YOUR TASK> The answer must consist of every line below containing "Women".

━━━━━━━━━━━━━━━━━━━━

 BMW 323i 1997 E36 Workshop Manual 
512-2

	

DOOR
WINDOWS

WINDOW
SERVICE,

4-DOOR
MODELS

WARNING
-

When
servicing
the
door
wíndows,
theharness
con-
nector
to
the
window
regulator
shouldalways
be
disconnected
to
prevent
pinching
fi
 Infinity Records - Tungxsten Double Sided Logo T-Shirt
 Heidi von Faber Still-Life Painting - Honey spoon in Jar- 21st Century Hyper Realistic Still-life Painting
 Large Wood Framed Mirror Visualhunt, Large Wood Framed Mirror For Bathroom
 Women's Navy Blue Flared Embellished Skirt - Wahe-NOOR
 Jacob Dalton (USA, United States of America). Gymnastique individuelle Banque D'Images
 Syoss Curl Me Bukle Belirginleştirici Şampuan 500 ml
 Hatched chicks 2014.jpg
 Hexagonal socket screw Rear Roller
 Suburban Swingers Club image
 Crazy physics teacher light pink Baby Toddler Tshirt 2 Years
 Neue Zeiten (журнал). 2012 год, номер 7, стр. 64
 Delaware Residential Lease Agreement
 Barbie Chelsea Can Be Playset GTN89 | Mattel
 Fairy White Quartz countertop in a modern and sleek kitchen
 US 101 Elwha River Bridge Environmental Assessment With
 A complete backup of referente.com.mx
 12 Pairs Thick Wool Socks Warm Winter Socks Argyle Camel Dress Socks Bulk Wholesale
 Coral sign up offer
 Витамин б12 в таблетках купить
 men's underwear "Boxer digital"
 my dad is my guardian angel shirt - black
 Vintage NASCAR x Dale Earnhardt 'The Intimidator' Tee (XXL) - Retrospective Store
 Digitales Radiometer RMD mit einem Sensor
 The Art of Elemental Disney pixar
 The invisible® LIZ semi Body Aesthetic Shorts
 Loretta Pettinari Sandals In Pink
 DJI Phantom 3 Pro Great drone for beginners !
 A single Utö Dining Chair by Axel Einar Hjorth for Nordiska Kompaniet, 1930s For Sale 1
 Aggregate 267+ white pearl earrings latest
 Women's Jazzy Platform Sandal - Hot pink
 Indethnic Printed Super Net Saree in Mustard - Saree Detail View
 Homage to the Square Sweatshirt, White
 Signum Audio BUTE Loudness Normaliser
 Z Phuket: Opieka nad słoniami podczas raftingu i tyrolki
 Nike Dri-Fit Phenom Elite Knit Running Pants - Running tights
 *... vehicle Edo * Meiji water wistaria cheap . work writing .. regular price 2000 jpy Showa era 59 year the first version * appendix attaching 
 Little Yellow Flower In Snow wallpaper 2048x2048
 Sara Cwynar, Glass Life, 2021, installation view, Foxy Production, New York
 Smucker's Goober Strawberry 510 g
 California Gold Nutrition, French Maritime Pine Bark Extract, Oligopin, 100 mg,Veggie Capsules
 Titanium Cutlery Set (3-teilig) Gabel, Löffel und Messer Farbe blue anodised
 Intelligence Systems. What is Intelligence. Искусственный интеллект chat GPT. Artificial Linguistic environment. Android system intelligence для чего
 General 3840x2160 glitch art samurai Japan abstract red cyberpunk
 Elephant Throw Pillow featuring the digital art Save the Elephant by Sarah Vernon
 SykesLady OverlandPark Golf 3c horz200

━━━━━━━━━━━━━━━━━━━━

RESPONSE AREA>
 Women's Navy Blue Flared Embellished Skirt - Wahe-NOOR
 Women's Jazzy Platform Sandal - Hot pink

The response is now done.